-- Material provided follows --
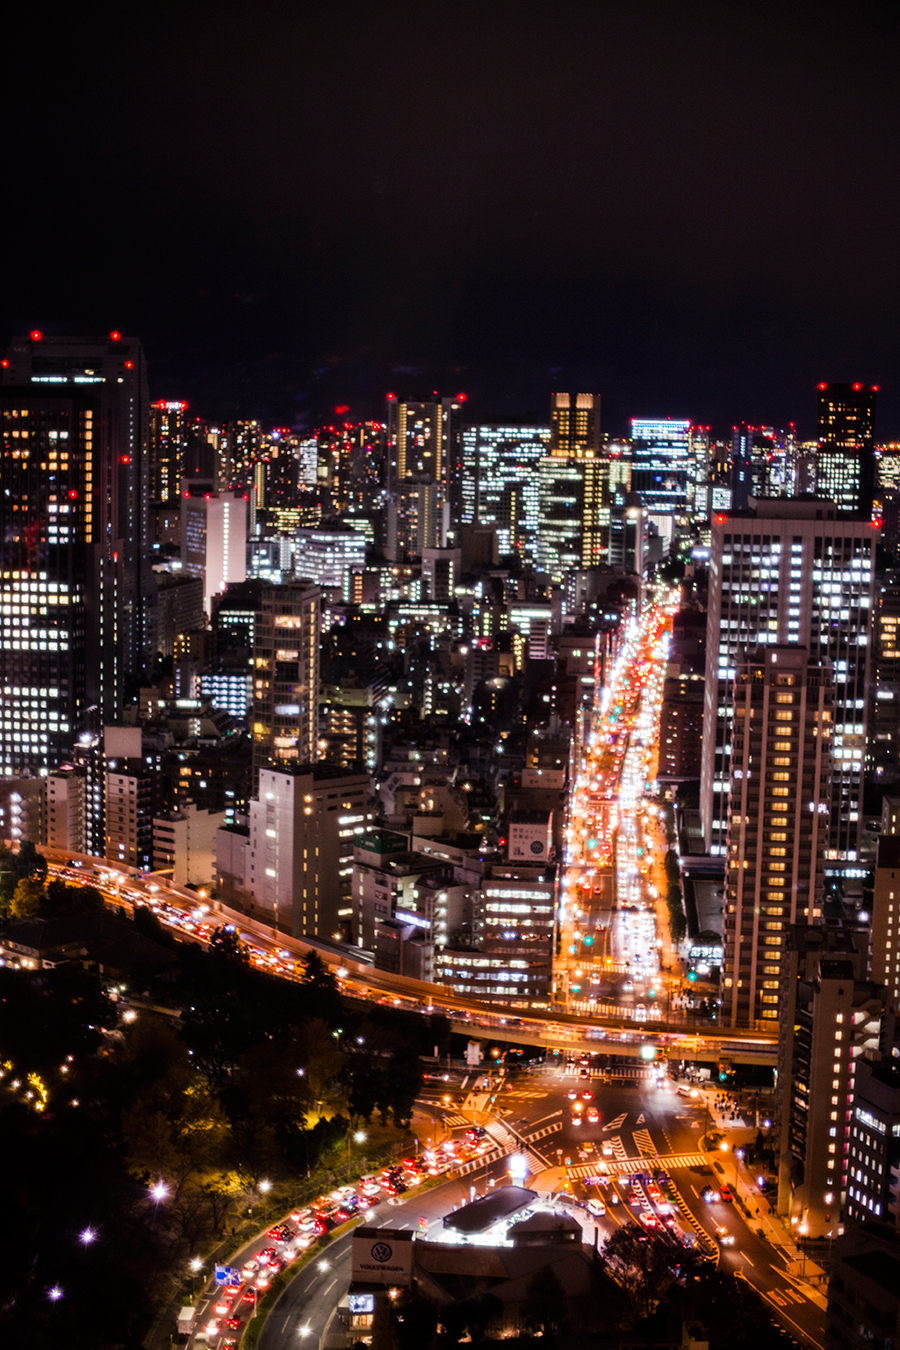 Busy roads in the night cityscape from the Tokyo Tower Observatory.
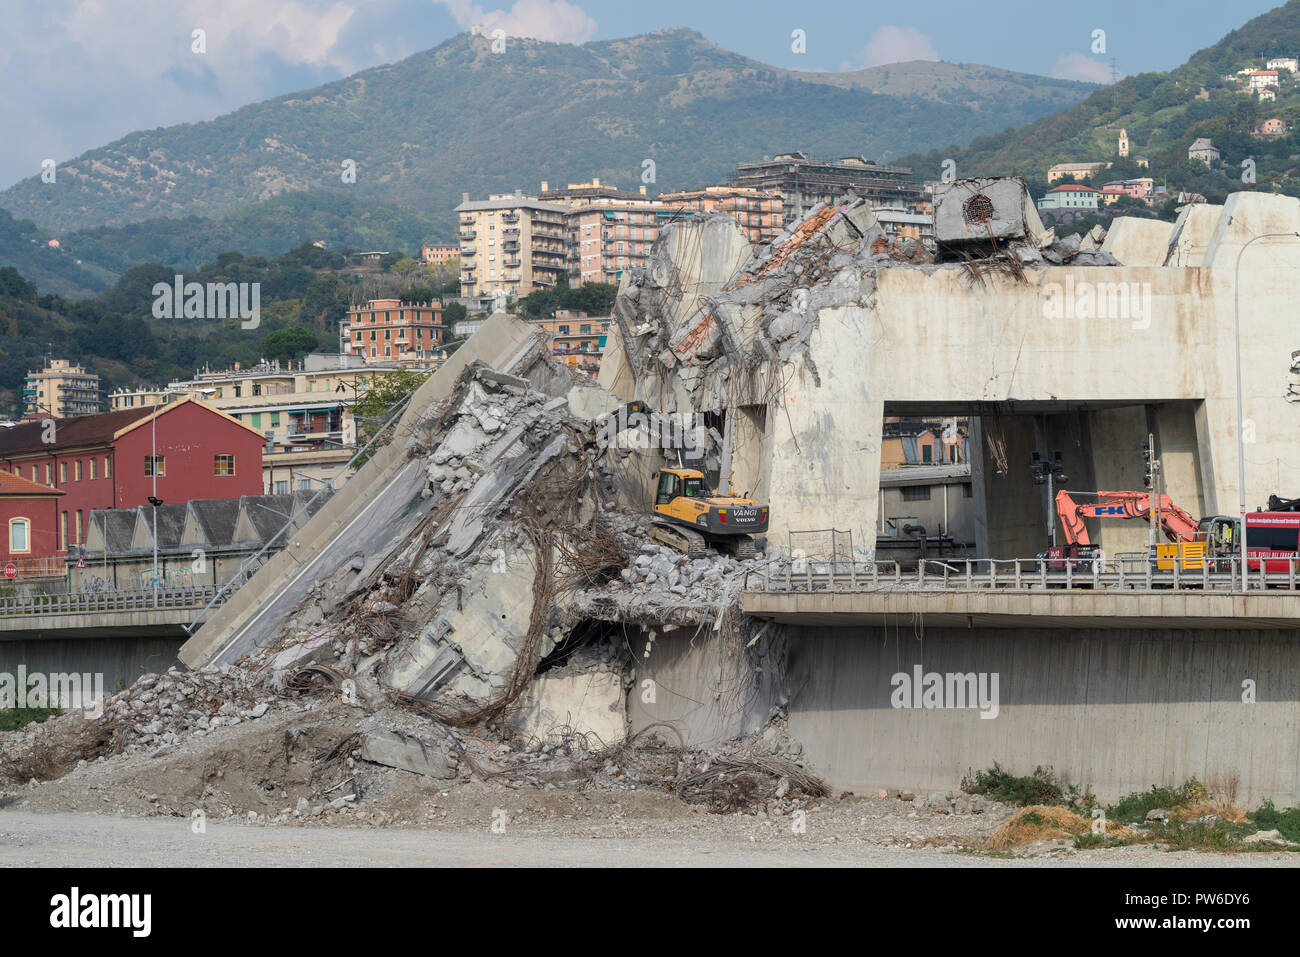 The remains after a section collapse of the Morandi Bridge, Genoa, Italy Stock Photo
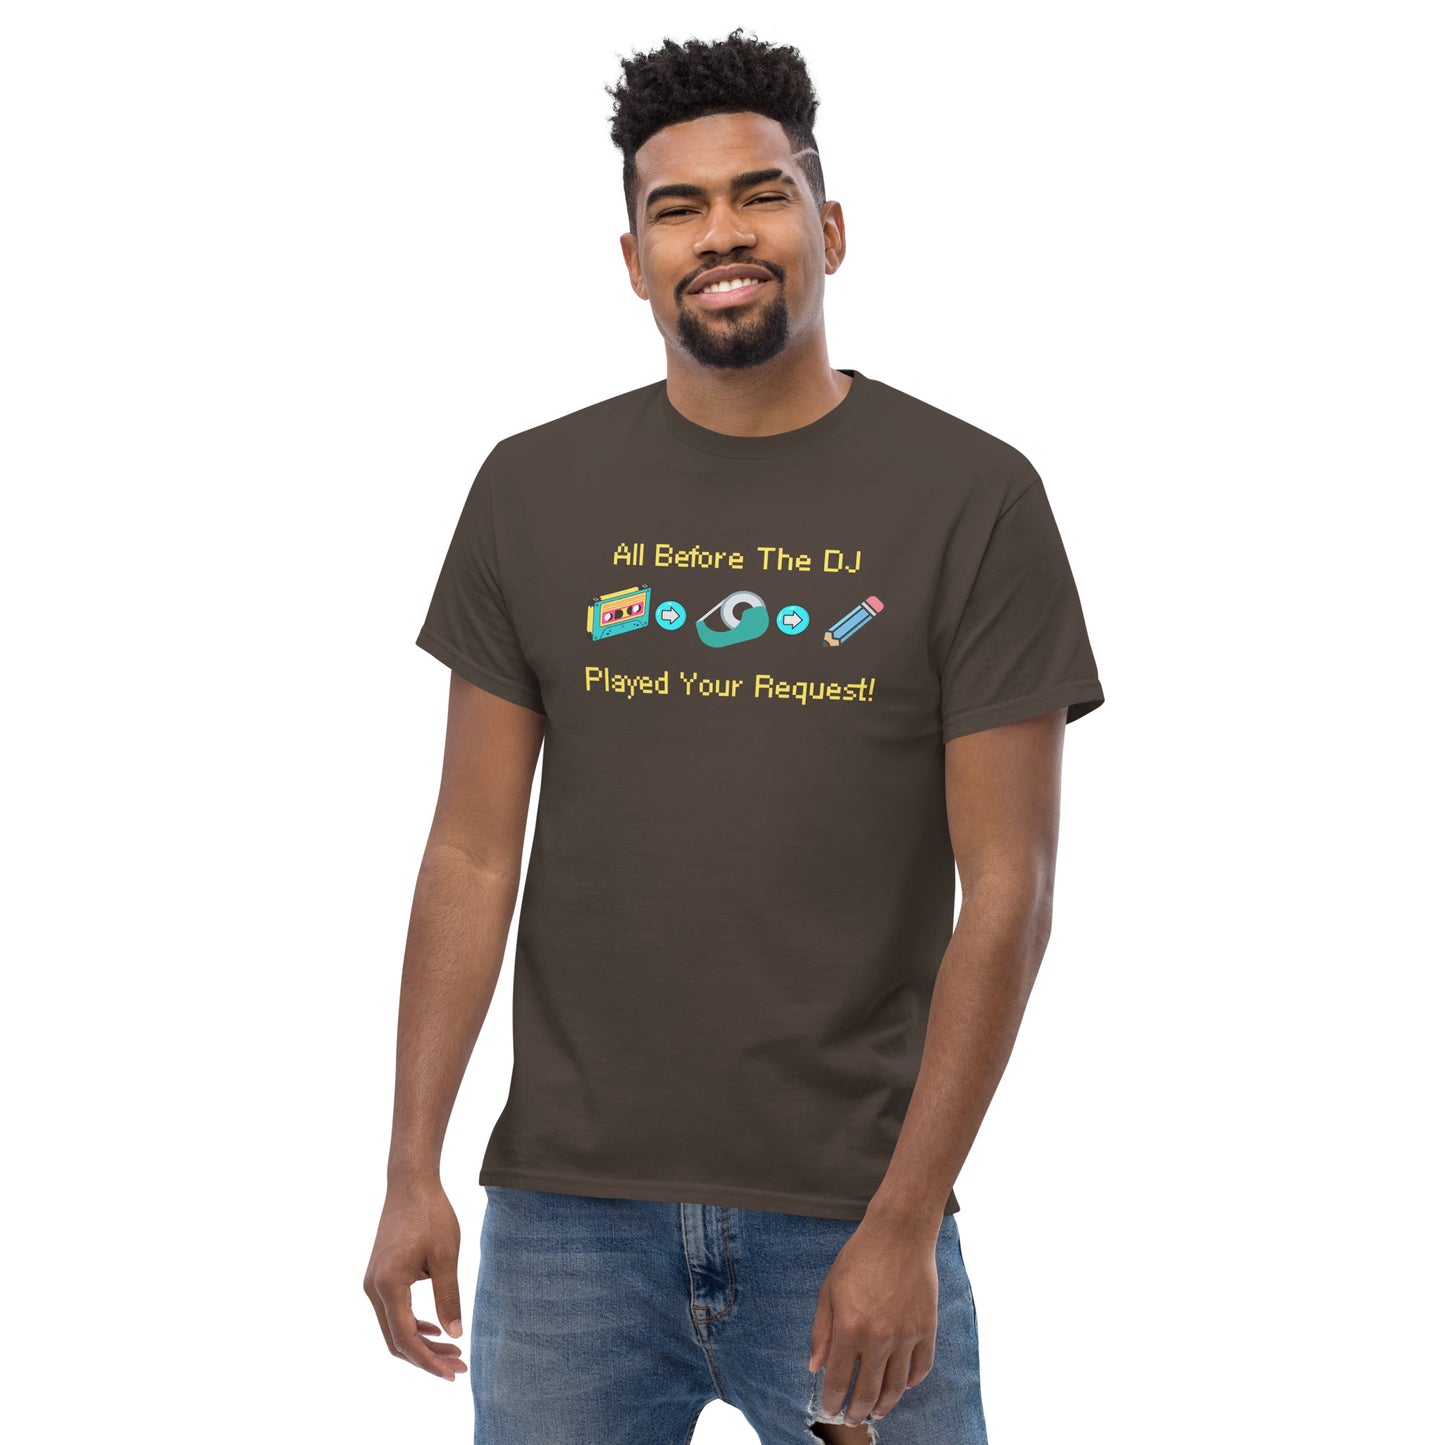 All Before The DJ Played Your Request! Men's classic tee
-- Material provided concluded --
Problem details: From the first line to the last, retype the material exactly and exclude the pictures.

Solved problem:
 Busy roads in the night cityscape from the Tokyo Tower Observatory.
 The remains after a section collapse of the Morandi Bridge, Genoa, Italy Stock Photo
 All Before The DJ Played Your Request! Men's classic tee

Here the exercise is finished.